Custom Data Guide — TensorBloom

TensorBloom supports loading your own datasets for training. This guide covers all supported data formats.

Quick Start

Drag a Data node onto the canvas
In Properties, select your data source
Connect the Data node’s x handle to your model’s first layer
Connect the Data node’s y handle to your Loss function’s target input
Train

Built-in Datasets

Select a preset from the dropdown — no configuration needed:

Dataset	Domain	Input Shape	Classes	Description
MNIST	Vision	[1, 28, 28]	10	Handwritten digits
Fashion-MNIST	Vision	[1, 28, 28]	10	Clothing items
CIFAR-10	Vision	[3, 32, 32]	10	Natural images (10 categories)
CIFAR-100	Vision	[3, 32, 32]	100	Natural images (100 categories)
TinyShakespeare	Text	[256]	65	Character-level Shakespeare
WikiText-2	Text	[128]	30,000	Word-level Wikipedia
IMDB	Text	[100]	2	Movie review sentiment
AG News	Text	[100]	4	News classification
SpeechCommands	Audio	[80, 100]	35	Keyword spotting

Datasets are downloaded automatically on first use to ./data/.

Custom Tensor Files

For your own data saved as PyTorch tensors, NumPy arrays, or SafeTensors.

Supported Formats

Format	Extension	How to Create
PyTorch	`.pt`	`torch.save({"features": X, "labels": y}, "data.pt")`
NumPy	`.npz`	`np.savez("data.npz", features=X, labels=y)`
NumPy	`.npy`	`np.save("data.npy", X)`
SafeTensors	`.safetensors`	`save_file({"features": X}, "data.safetensors")`

Creating a Dataset

import torch

# Classification
X = torch.randn(1000, 3, 32, 32)  # 1000 images, 3 channels, 32x32
y = torch.randint(0, 10, (1000,))  # 10 classes
torch.save({"images": X, "labels": y}, "my_dataset.pt")

# Regression
X = torch.randn(500, 13)           # 500 samples, 13 features
y = torch.randn(500, 1)            # continuous target
torch.save({"inputs": X, "targets": y}, "regression_data.pt")

# Autoencoder (no labels)
X = torch.randn(1000, 1, 28, 28)
torch.save({"data": X}, "autoencoder_data.pt")

Loading in TensorBloom

Select Custom Tensors as the source
Browse for your file or type the path
Click Scan Data
The app discovers all tensors in your file and shows them with shapes, types, and statistics
Assign each tensor a role:
- Model Input — feeds into your neural network
- Loss Target — compared against the model’s output by the loss function
- Not Used — ignored during training

Tensor Requirements

All tensors must have the same number of samples (first dimension)
The first dimension is the batch dimension (number of samples)
Input tensors are cast to float32 by default
Target tensors for classification should be int64/long (class indices)
Target tensors for regression should be float32

Folder of Files

You can also point to a folder containing multiple tensor files. TensorBloom scans all .pt, .npz, .npy, and .safetensors files and merges their tensors.
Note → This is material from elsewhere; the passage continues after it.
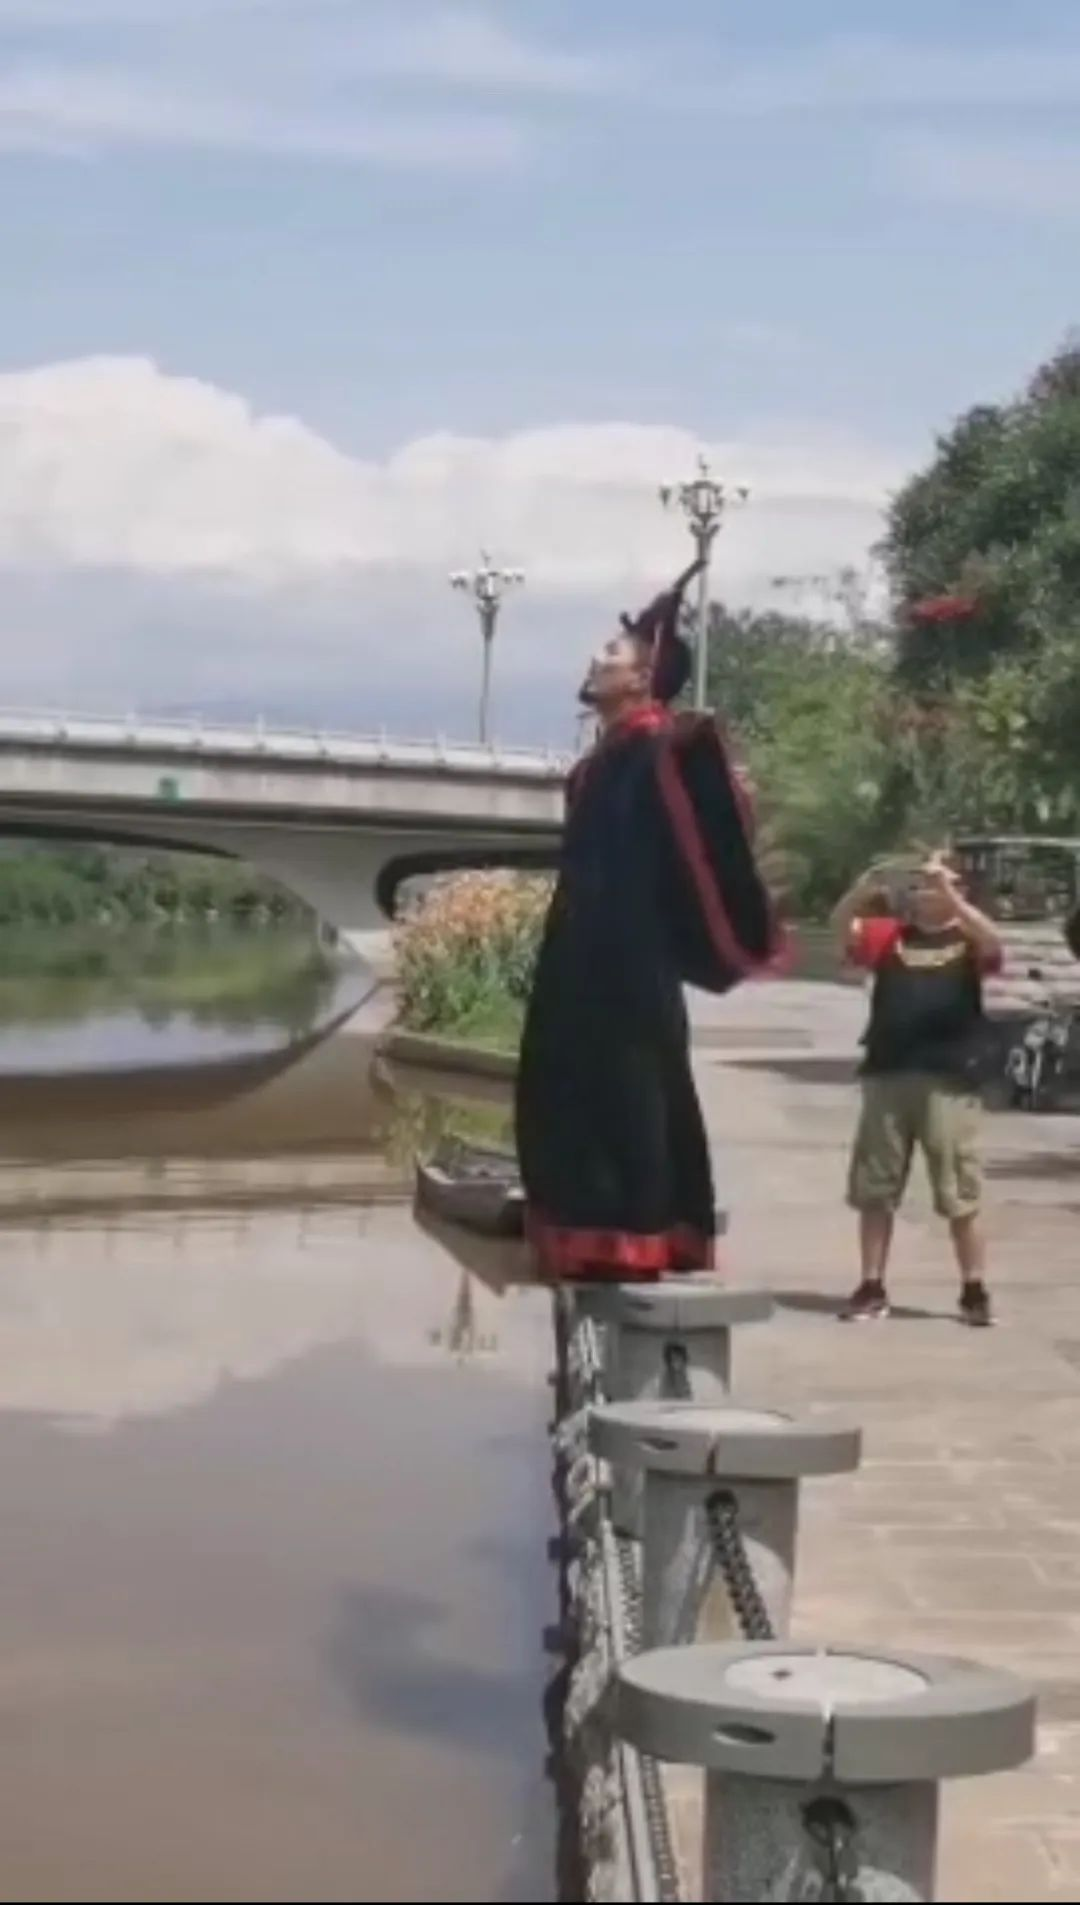 ▲6月23日,猴哥在海河边模仿屈原跳江。视频截图

ImageFolder (Local Images)

For image classification with your own photos:

my_images/
├── train/
│   ├── cats/
│   │   ├── img001.jpg
│   │   └── img002.jpg
│   └── dogs/
│       ├── img003.jpg
│       └── img004.jpg
└── val/
    ├── cats/
    │   └── img005.jpg
    └── dogs/
        └── img006.jpg

Select ImageFolder source
Set the path to your folder
Configure image size and color mode (RGB/Grayscale)
Optionally enable data augmentation (random flip, crop, rotation, color jitter)

HuggingFace Datasets

Note: HuggingFace support is experimental in v0.1. Simple vision and text datasets work. Complex/nested datasets (multi-modal, structured data with nested dicts) require a custom preprocessing script.
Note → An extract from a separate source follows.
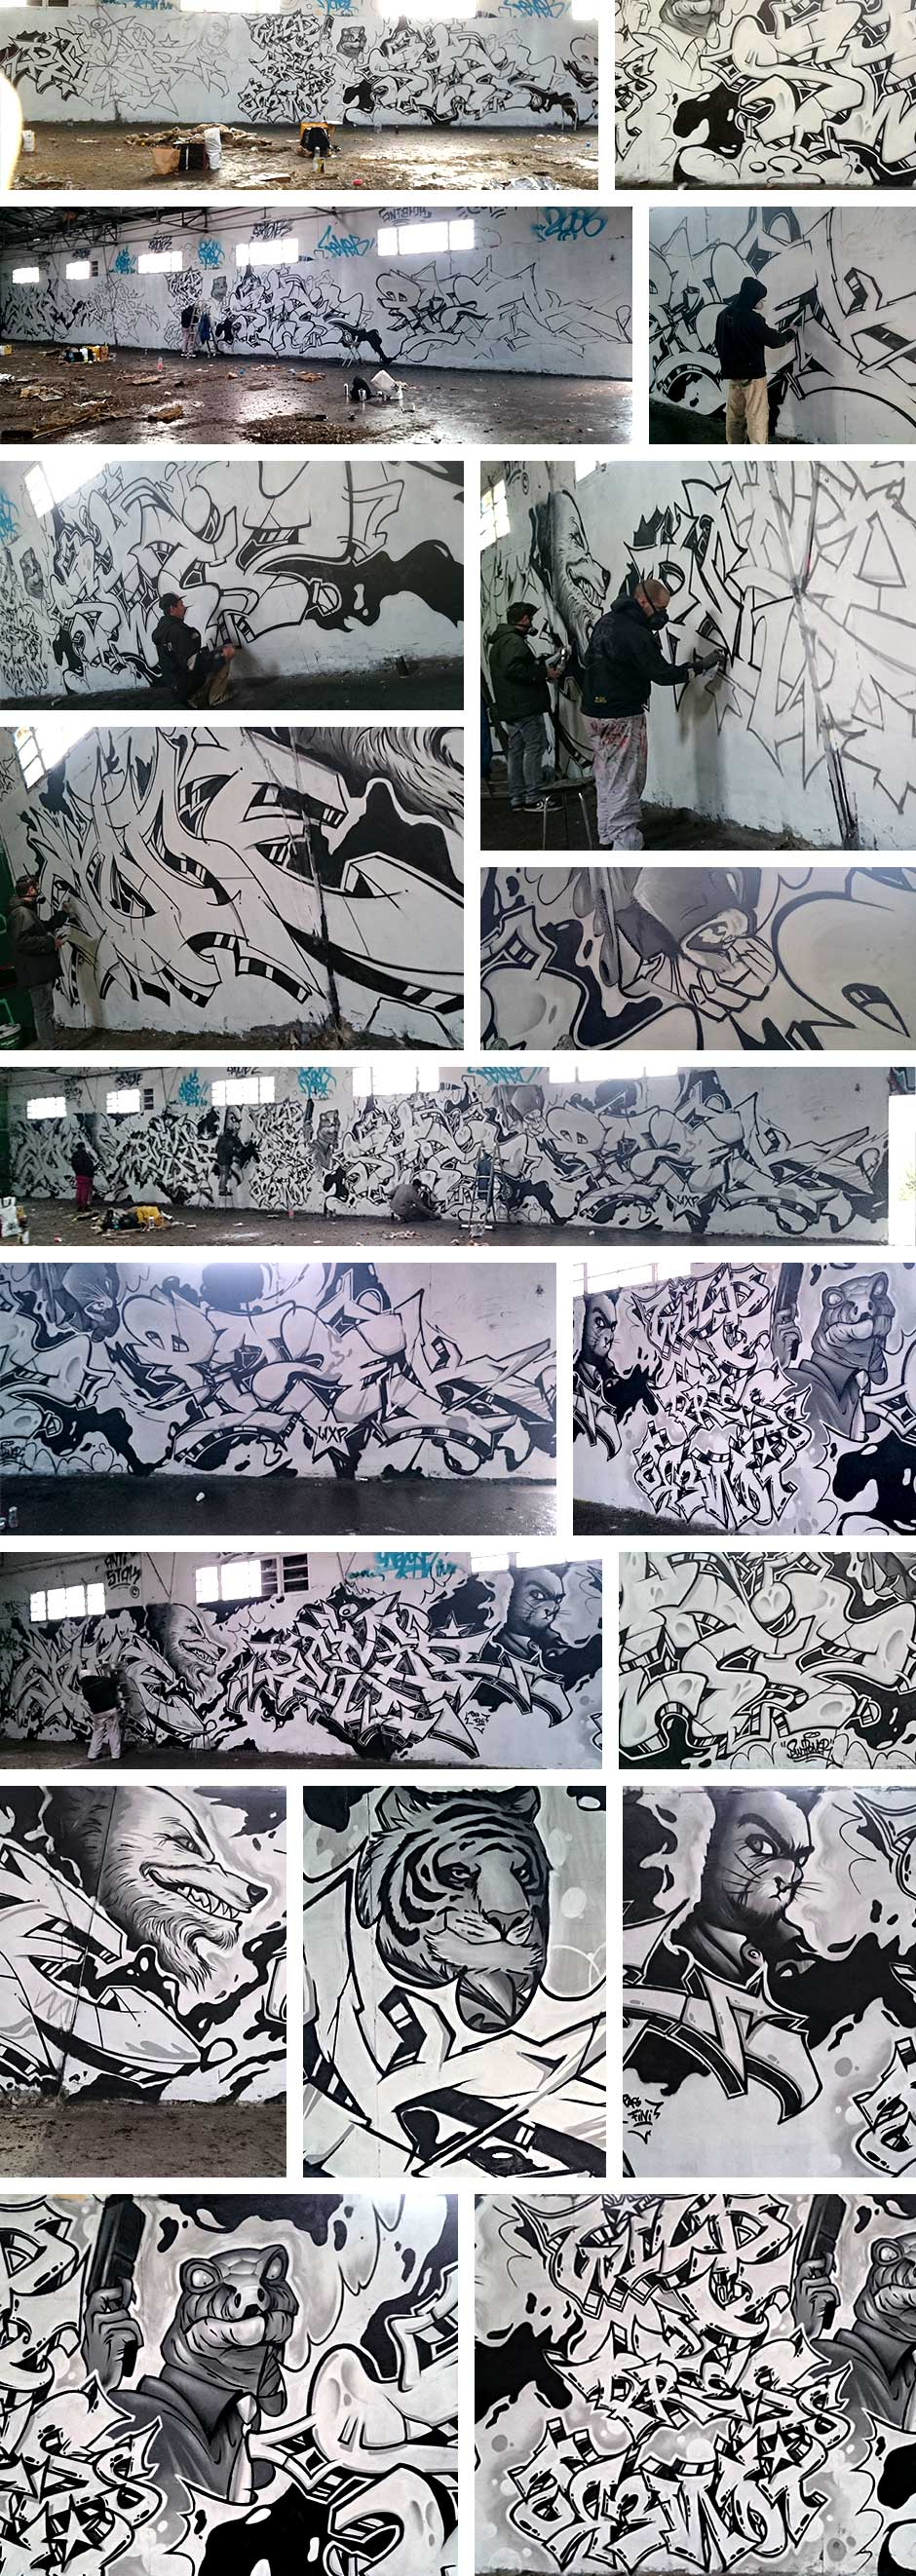 Graffiti WXP 3 ans

Load datasets from the HuggingFace Hub:

Select HuggingFace source
Enter the dataset name (e.g., mnist, imdb, ag_news)
Click Inspect Data to discover columns, types, and splits
Configure column mapping (image/text/label columns)
For datasets with complex columns, provide a preprocessing script in the code editor

What works

Vision datasets with Image + ClassLabel columns (CIFAR-10, MNIST, etc.)
Text classification with string + ClassLabel columns (IMDB, AG News, etc.)
Simple tabular datasets with scalar columns

What doesn’t work yet

Datasets with nested/dict columns (SQuAD, multi-modal datasets)
Streaming datasets (large datasets that don’t fit in memory)
Datasets requiring custom tokenizers

For unsupported formats, export your data as a .pt file and use Custom Tensors instead.
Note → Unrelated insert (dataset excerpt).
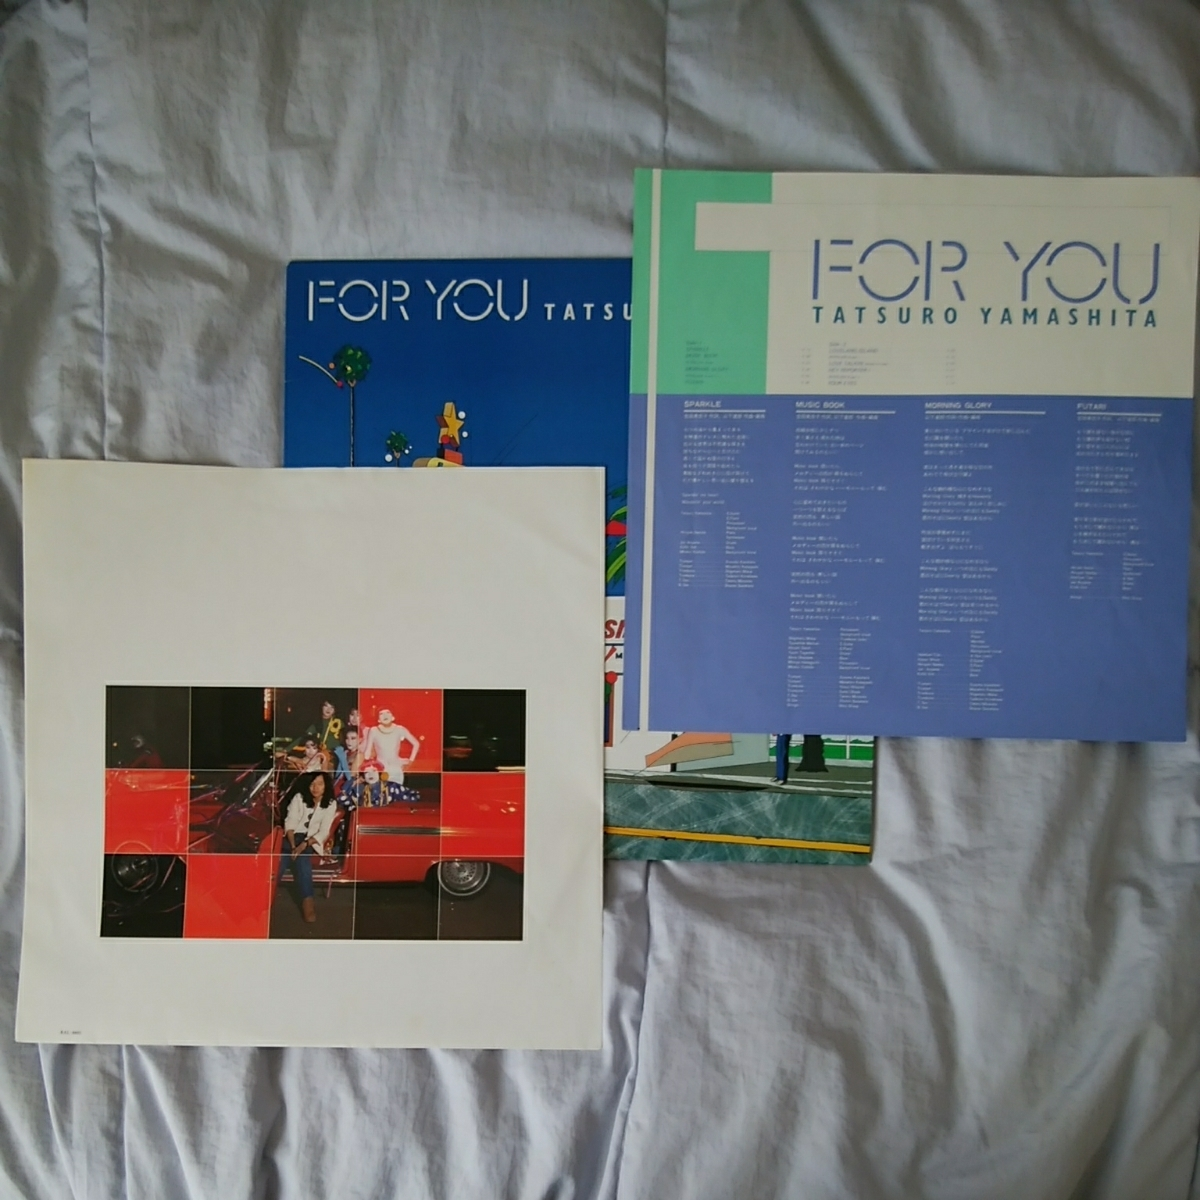 【2枚セット】山下達郎 ♪♪ FOR YOU / MELODIES LPレコード_画像4

Requires pip install datasets.

CSV Files

For tabular data in CSV format:

Select Custom CSV source
Set the path to your CSV file
Configure delimiter, header, target column
Optionally select feature columns and normalization

The CSV should have feature columns followed by a target column. The first row can be a header.

Validation Split

All data sources support a Val Split parameter (default 0.2). This splits your training data into training and validation sets. The validation loss is reported after each epoch to detect overfitting.

Tips

Shape mismatch? TensorBloom auto-fixes in_features and in_channels when you click Start Training
Wrong loss function? If your target is class labels but you’re using MSELoss, the preflight check will warn you
Large datasets? Use mixed precision training (Advanced > Mixed Precision) to reduce VRAM usage
Reproducibility? Set a random seed in Advanced > Random Seed